The company plans to invest 10 billion baht in three projects in Myanmar starting next year, including a power plant, a cement plant and logistics operations, CEO Kan Trakulhoon told reporters on Wednesday.

“Our investment targets are still in ASEAN, both M&A and greenfield. We expect demand to continue because of strong economic growth in ASEAN countries,” Kan said adding the stimulus measures in China will help boost demand, which should cushion any fallout from the economic crisis in Europe.

For its ASEAN business excluding Thailand, Siam Cement posted a 50 percent rise in second-quarter sales, due to higher income from its cement operation in Indonesia and building material business in the Philippines. The company is in the process of investing about 10 billion baht in a new cement plant in Indonesia, Kan said.

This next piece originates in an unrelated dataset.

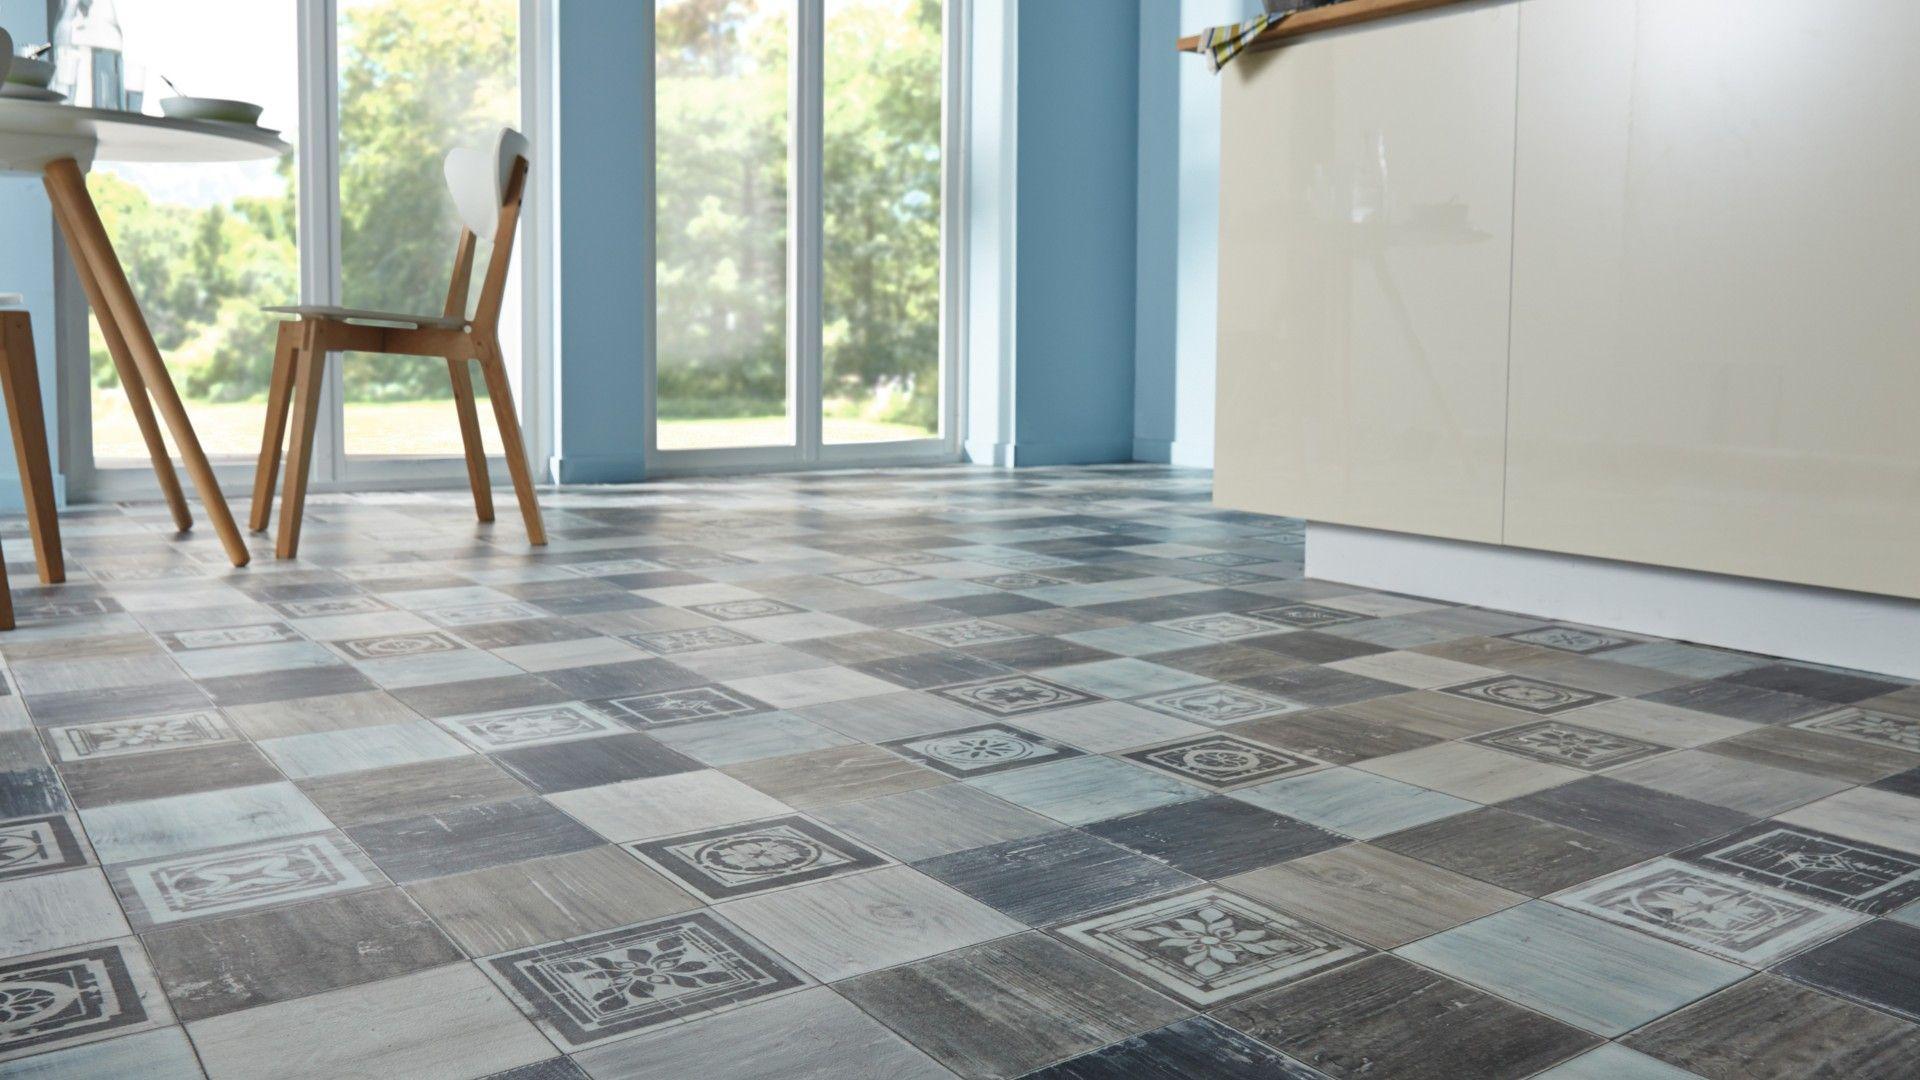 sol vinyle primetex fado imitation patchwork bois. Black Bedroom Furniture Sets. Home Design Ideas
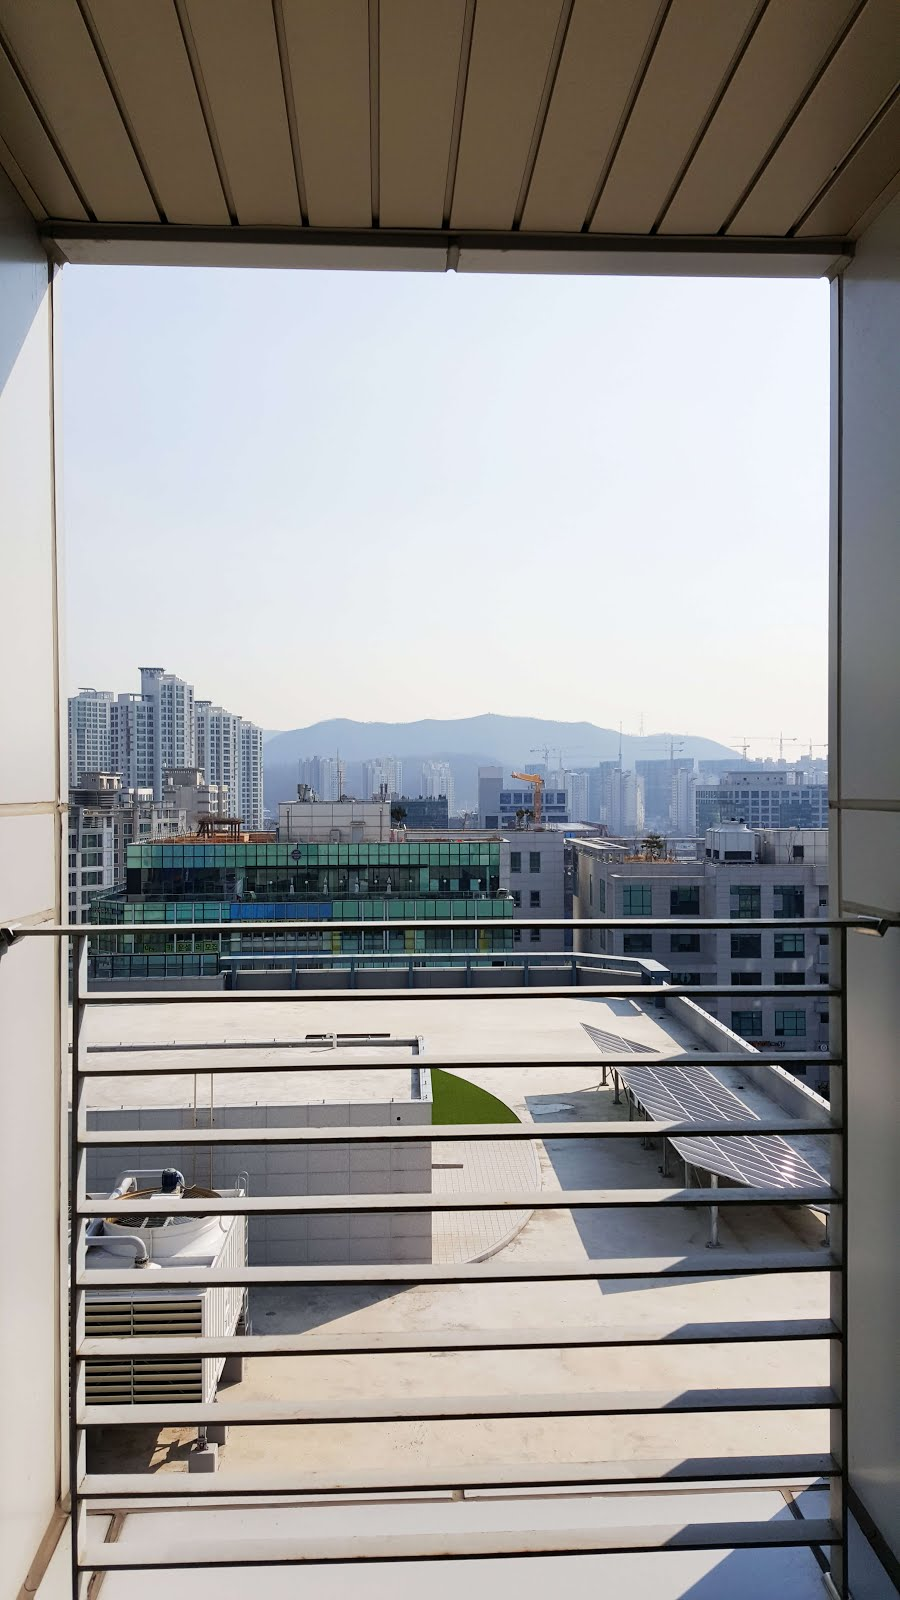 moving to south korea e2 visa teaching

After the earnings announcement, the company’s stock erased earlier losses to close up 0.3 percent, while the broader index was 0.08 percent higher.

Siam Cement posted April-June net profit of 4.28 billion baht ($135 million), down from 7.49 billion baht a year earlier due to weak demand and a drop in the value of its petrochemical inventories. The results were in-line with market expectations with 11 analysts polled by Reuters forecasting an average net profit of 4.3 billion baht. Margins in its petrochemical business are also expected to improve in the next few quarters.

“This year is not a good year for the company and we look at its future. We expect demand for cement and paper to pick up in the second half while building materials should do well,” said Wichuda Plangmanee, an analyst at Kiatnakin Securities.

Siam Cement, which imports naphtha to feed its petrochemical plants, said in a statement it booked an inventory loss of 2 billion baht from the chemical business after prices fell sharply in line with global oil prices. Petrochemicals made up 49 percent of its second-quarter revenue.

Analysts expect Siam Cement’s earnings to hit bottom in the second quarter, typically the low season for cement and paper businesses, while margins of its petrochemical products should recover in the second half.

The company is forecast to post a net profit of 28.4 billion baht for 2012, up slightly from 27.3 billion in 2011, according to Thomson Reuters StarMine. In the first half of 2012, it posted a net profit of 10.3 billion baht, down 39 percent from a year earlier.

The company should also benefit after Thailand’s central bank, as expected, left its benchmark interest rate unchanged for a fourth consecutive meeting on Wednesday to support rebuilding an economy that faces growing global risks.

After growth of just 0.1 percent in 2011 due to the floods, the central bank forecast 2012 economic growth of 6 percent, thanks to a jump in consumption, investment and post-flood restoration work.

Siam Cement, 30 percent owned by the Thai royal family’s investment arm, the Crown Property Bureau, focuses on three core businesses: cement, petrochemicals, and paper and packaging.

Some 15 of 17 analysts rates Siam Cement “buy” or “strong buy,” with one giving “hold” and one a “sell”.